I’m 34 years into teaching Kindergarten. I still am the first to arrive and the last to leave the building. I also am up late working on things for school. A dedicated teacher puts 110% into their teaching. Good luck this year. Welcome to a fantastic job!

Sarah

It’s because it’s kindergarten- if they don’t teach kindergarten they have no idea- put in the time now, especially if you don’t have children of your own yet, if some of the stuff you take home is tracing, making a game, etc put out a letter to the parents and see who is willing to do some of that for you

Diane

This is my 35th year. Still one of the first to arrive and I always take stuff home. You do need to remember to take time for yourself, too. The kids will benefit. Have an awesome year.

Christy

I would say keep doing what makes you feel on top of things! I was the same way my first year….at school by 7:15am, leave at 8:45pm, and taking things home. It’s all about survival! But…it will get better!!! This is my third year and I finally feel like I can leave at a decent time in the afternoon and I don’t often bring things home unless I really need to get it done.
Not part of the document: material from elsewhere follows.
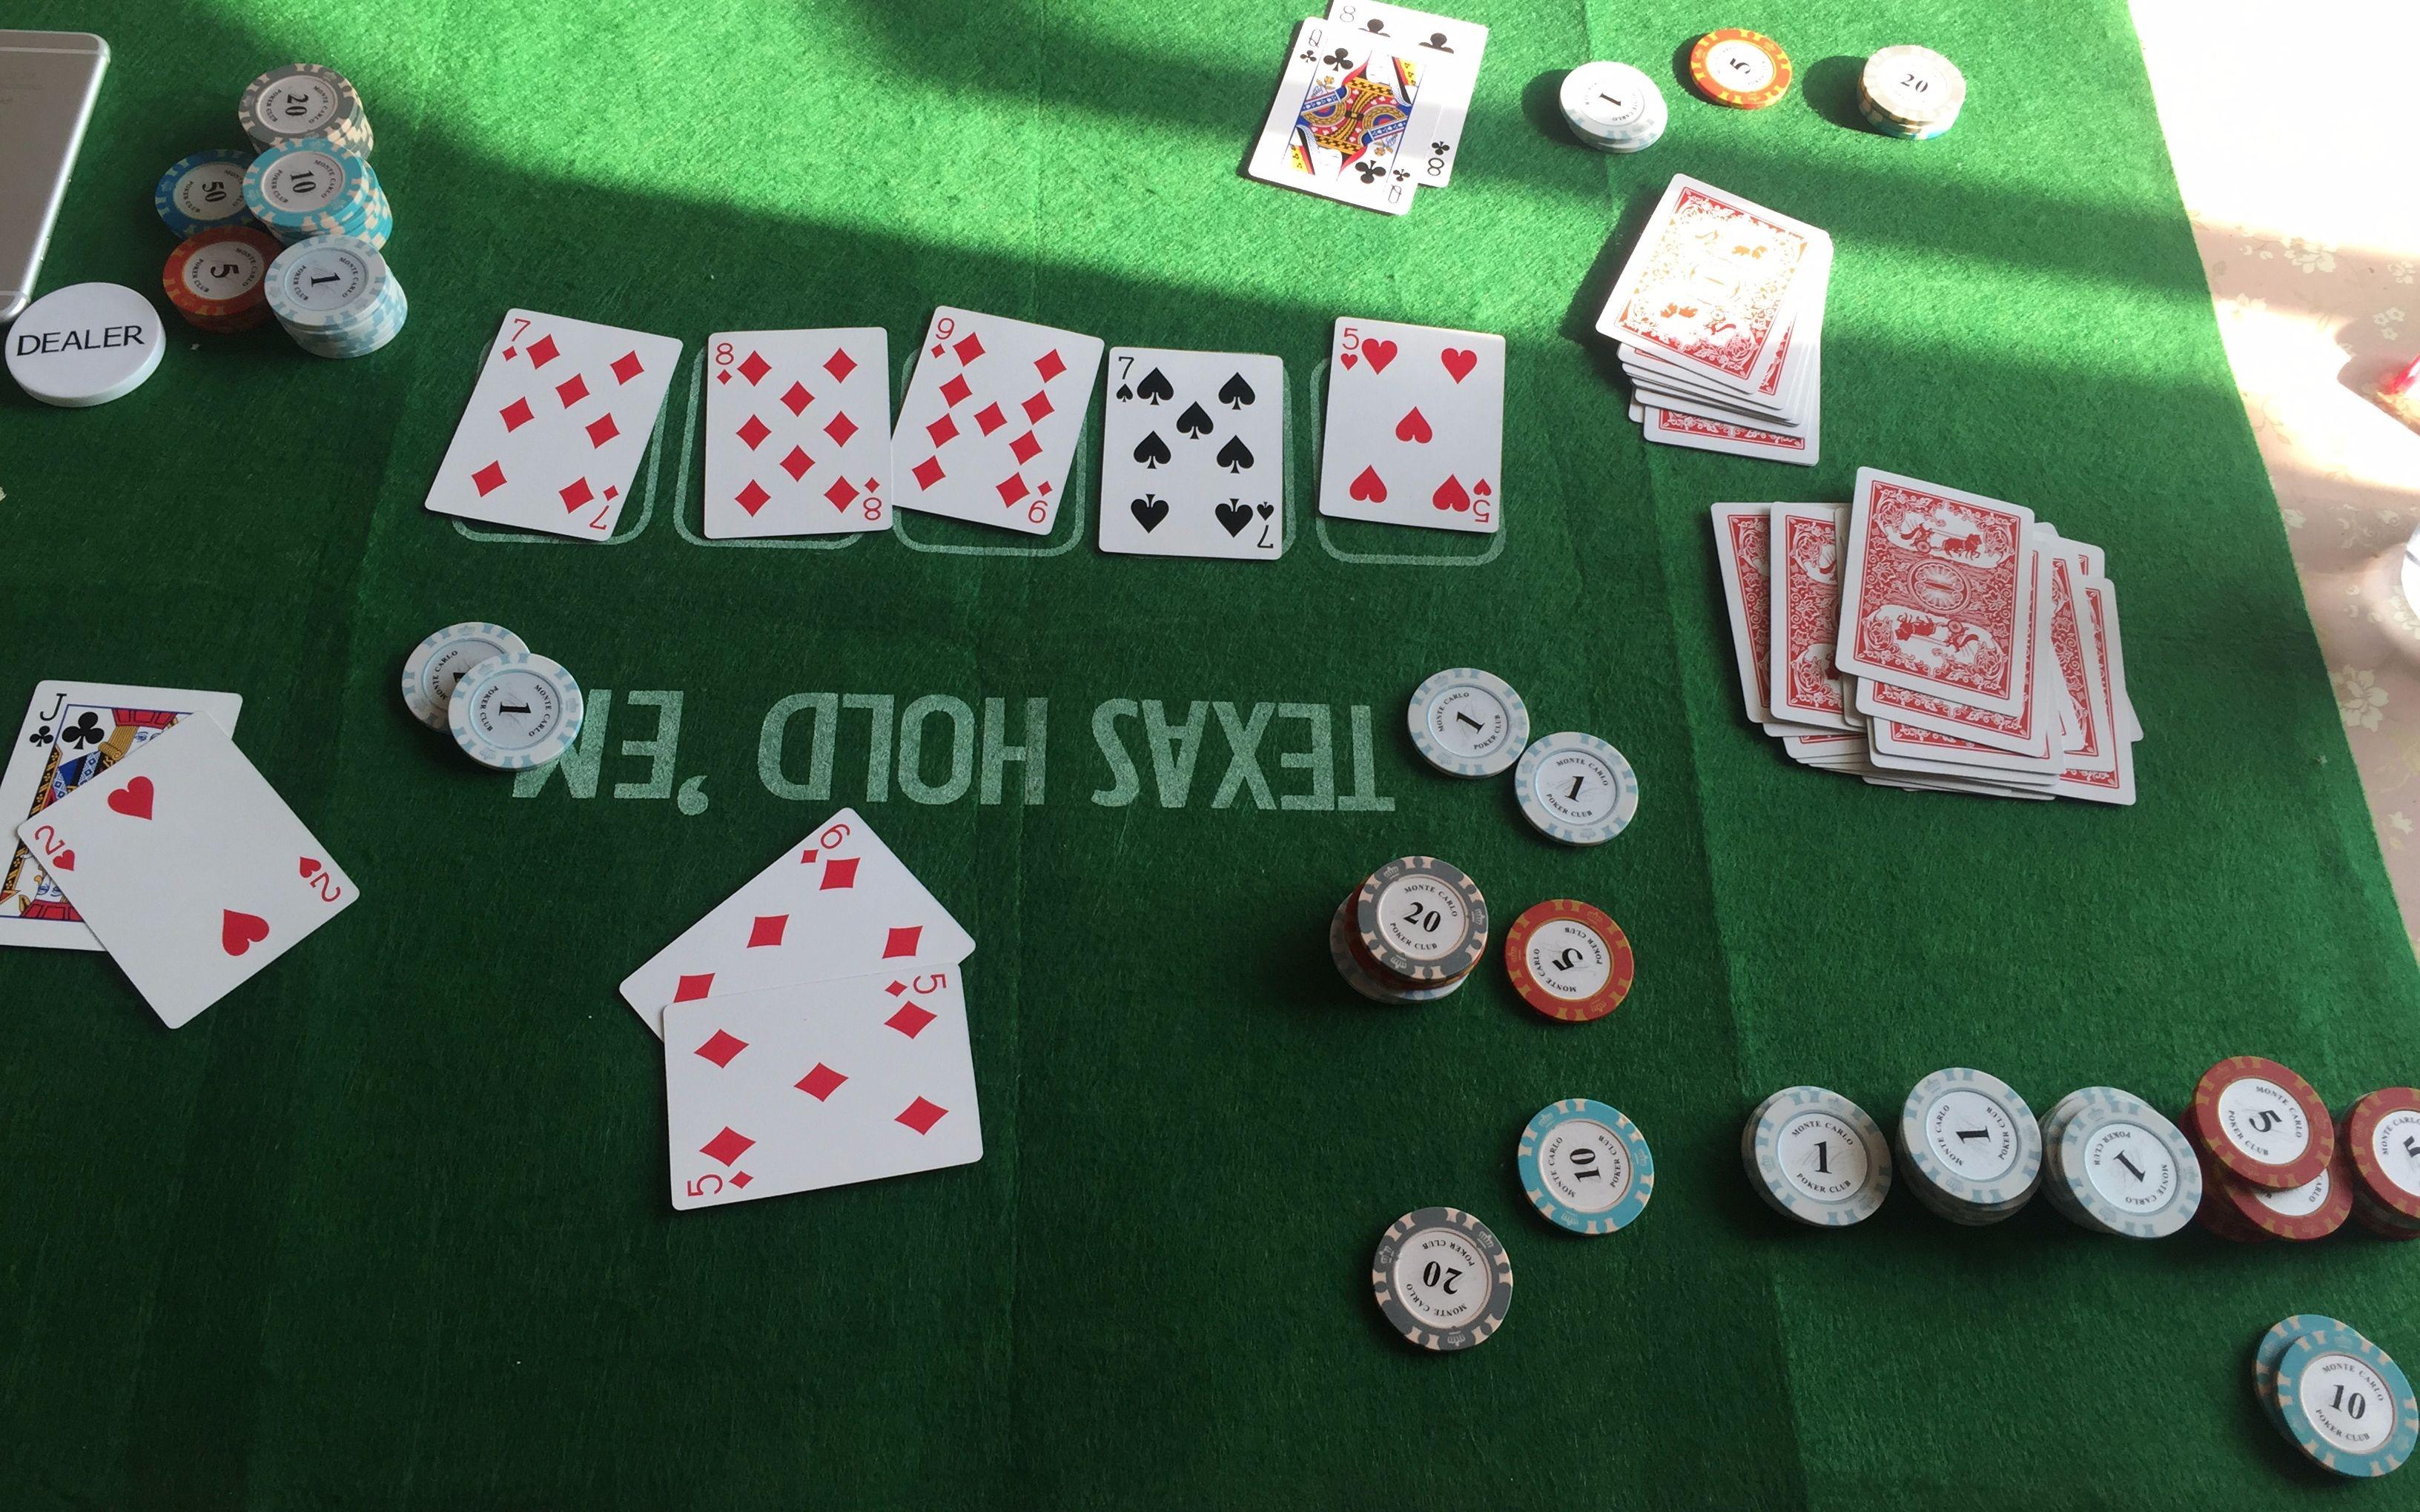 教我几个内容简单,神奇的扑克牌游戏吧,要讲清楚,附图
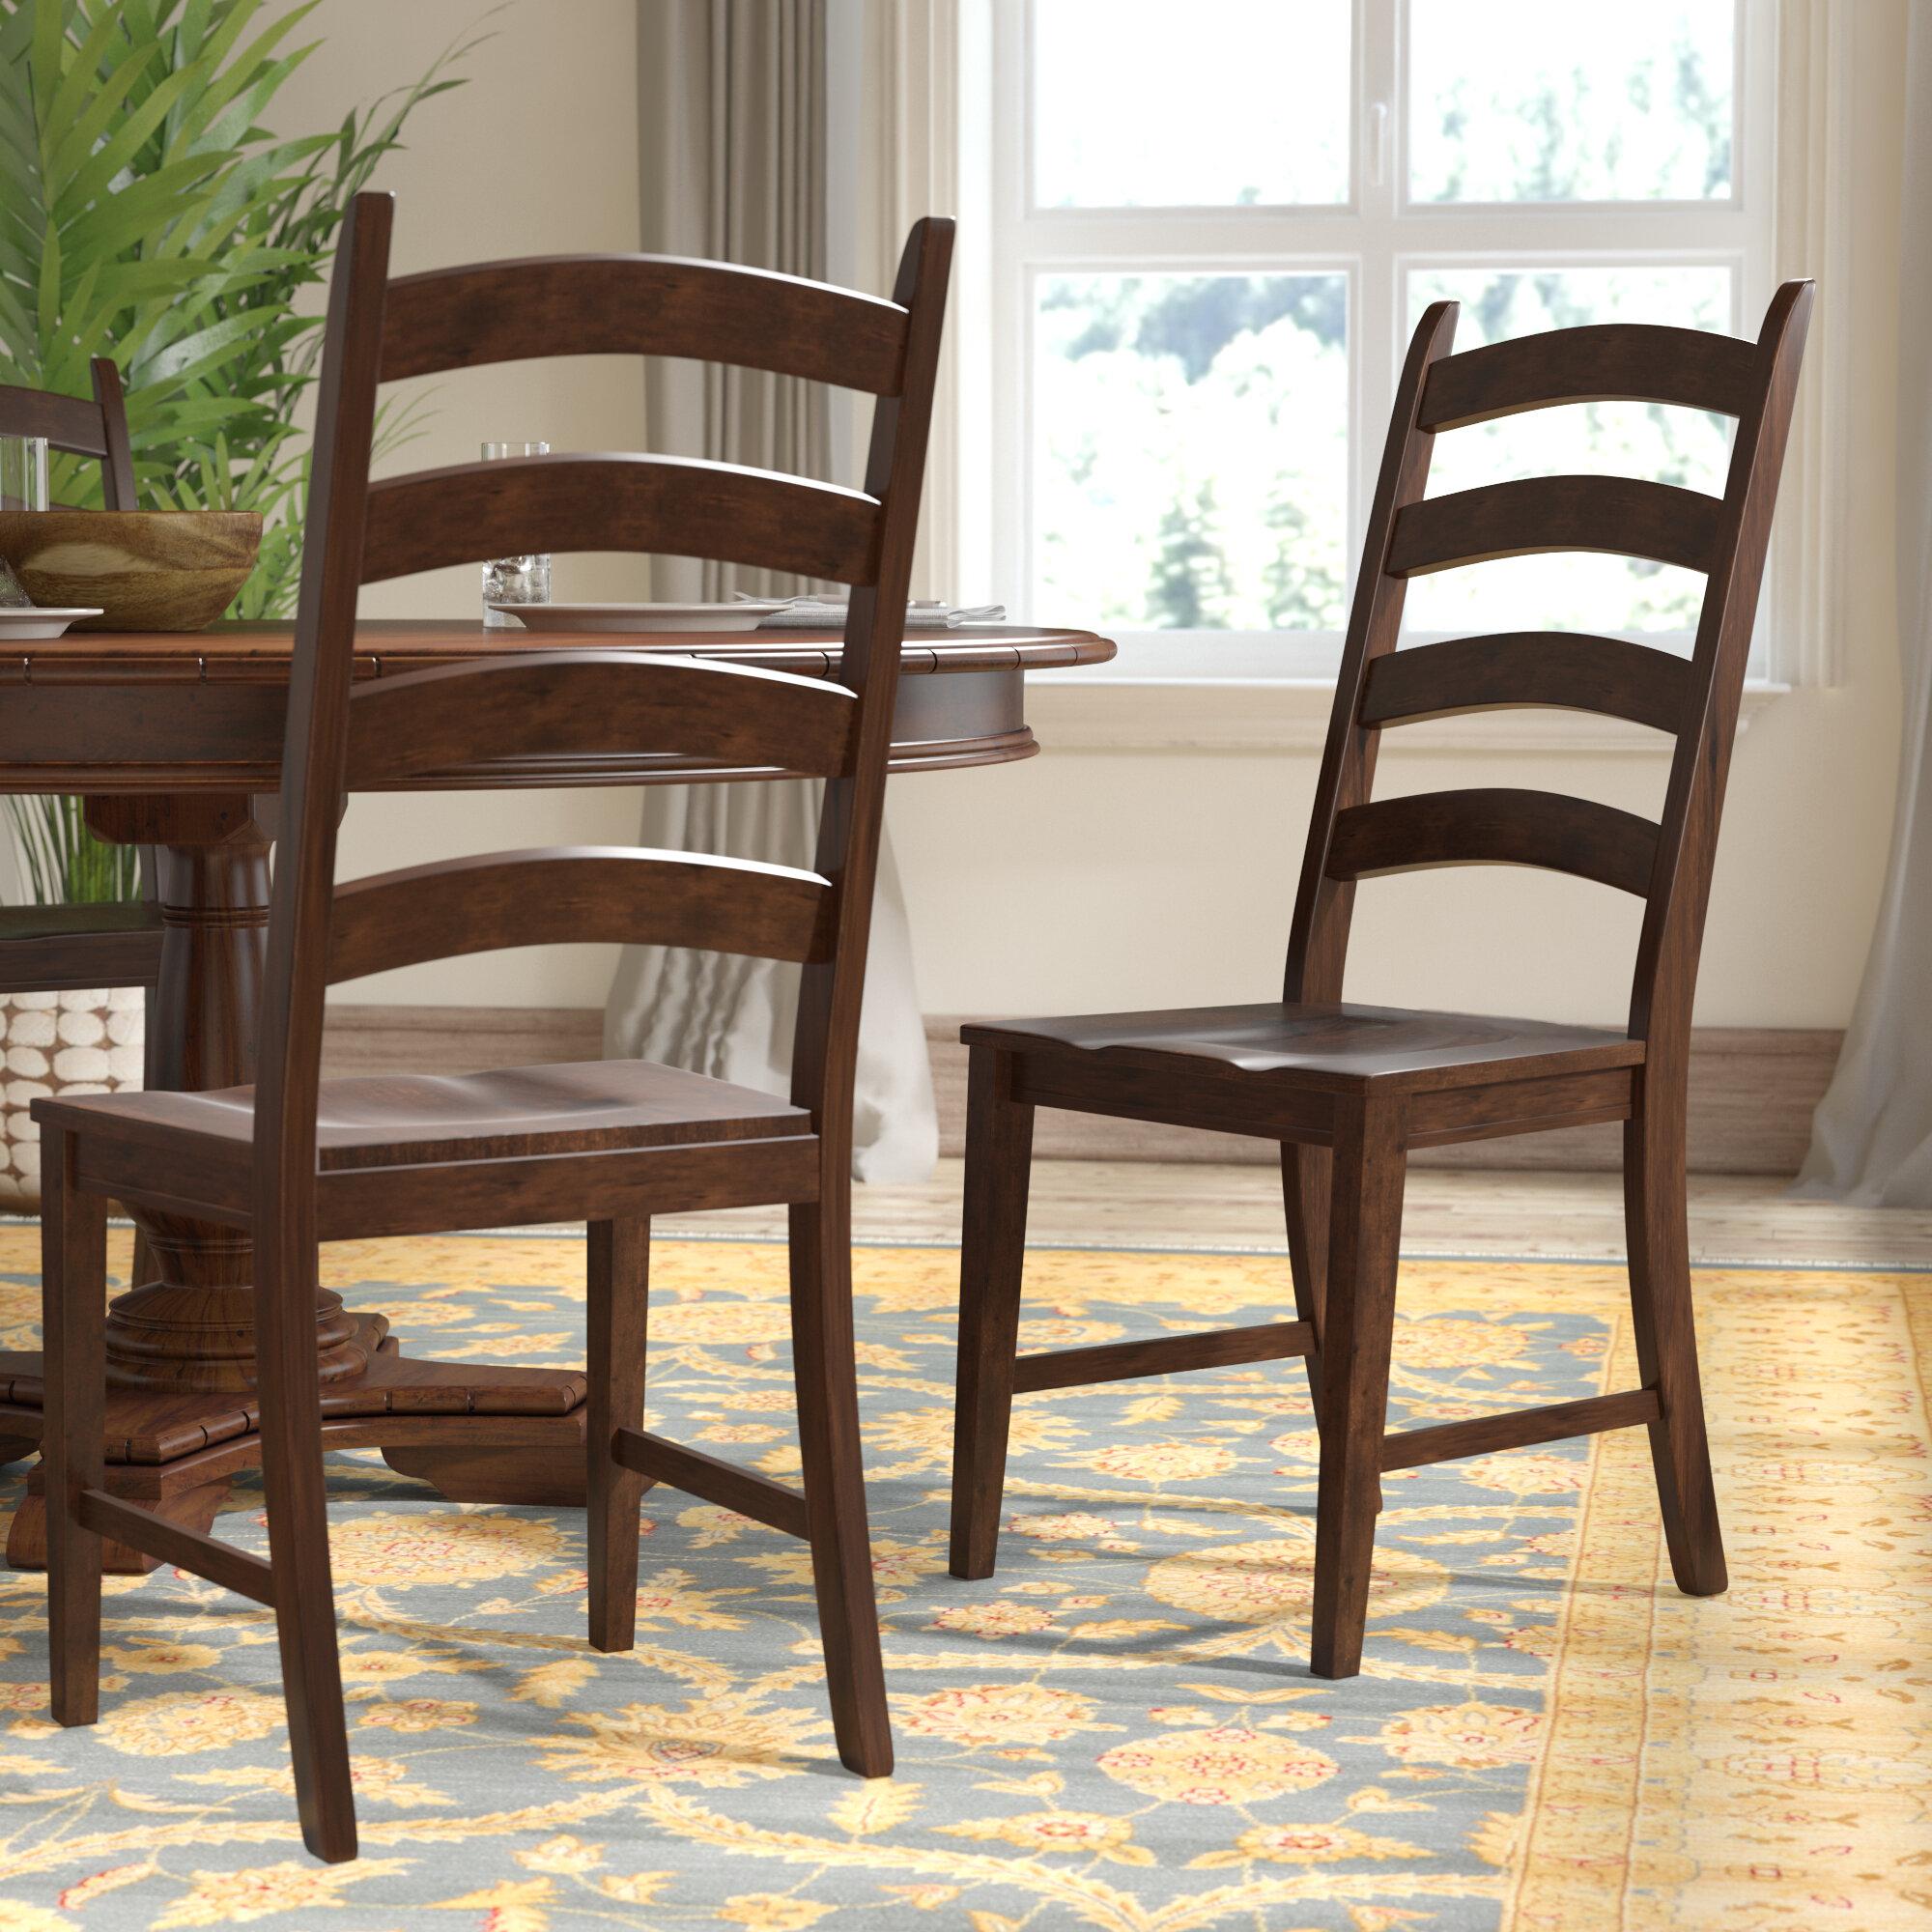 https://secure.img1-fg.wfcdn.com/im/35344504/compr-r85/4684/46847090/birchley-ladderback-solid-wood-dining-chair.jpg

I would just caution and advise you to make time for friends, family, and significant others (and of course you!). It is easy to get totally absorbed in you classroom and lose touch with life and relationships. Give yourself some days/weekends off from time to time to catch up on your life and important people in your life.

Karen

I think it’s sad that most people seem to be endorsing long days, many, for decades. It does not need to be that way, and should not. There are many, many ways to streamline the process. I only saw a few of those suggestions. Most are just saying it’s the nature of kindergarten, when, in fact, you can (and should) find systems that allow you to work a reasonable day. No wonder half of all teachers burn out and quit by their 5th year. If I read most if these posts after my 4th week, I’d be so depressed. My suggestion is to find another teacher that you like/admire and ask if you can basically just do whatever they do the first year. Tell her you’ll run the copies, help prep, etc. you may not love everything she does, but it will allow you time to acclimate. Your second year, you can start adding more and more of your own ideas. Also, I use racks that let me put baskets on it for everyday of the week. I do two weeks at a time and put everything I need in those for two weeks. I see many teachers spend hours and hours after school and they aren’t always the best teachers. Often, these are the teachers that don’t share, don’t work together, don’t delegate…. Please don’t be discouraged. I know many, many teachers that are superior teachers that do not spend endless hours at school. Find out what they are doing!!!!!!

Lori

Started in 1987 and never stopped doing that. Sorry!

Diane 

 36 years in and I still stay late. Everything is changing do much that I have to keep up . I too am a perfectionist. I rarely take work home. Remember to give yourself fun time. I never do school work on Saturday! That is my day!

Amy

Perfect is an illusion. Yes it’s a lot at first, but make sure you are taking care of you!!

Jamie

 My question for you would be, are the people telling you this teachers? If not don’t listen. If you are not a teacher you have NO CLUE how much time and effort it takes to run a classroom. Just make sure you have you time!

Kylynn

Good teachers know that when they signed up for the job it was more than 9-5. We work before and after school. We take stuff home. We work weekends and summers. Try to take some time for you too, but keep up the good work!

Lydia

Use your professional community to split up work. Make one newsletter for everyone, make one center project for everyone, make a week’s worth of math problems for everyone, have an integrated art project idea for everyone. When it comes to having a nice looking classroom at the end of the day have procedures in place for the students as well as you. Use the clean up time that they have to put your books away and clean off your desk. When it comes to organizing data keep their records in a binder.

Karen

This post is so frustrating!!!!!!! Seriously!!!! If you are spending 12 hour days after 20 years YOU are doing something wrong!!!! The teachers that I see spending this time are often the ones that spend 2 hours writing things in a doodler handwriting font (that nobody notices), have messy rooms, and can’t ever find anything, and are control freaks who want everything a certain way! (Example: they cut out the children’s art projects instead of letting them do them on their own because it looks too messy on their wall – sound familiar?)Not always, but a lot!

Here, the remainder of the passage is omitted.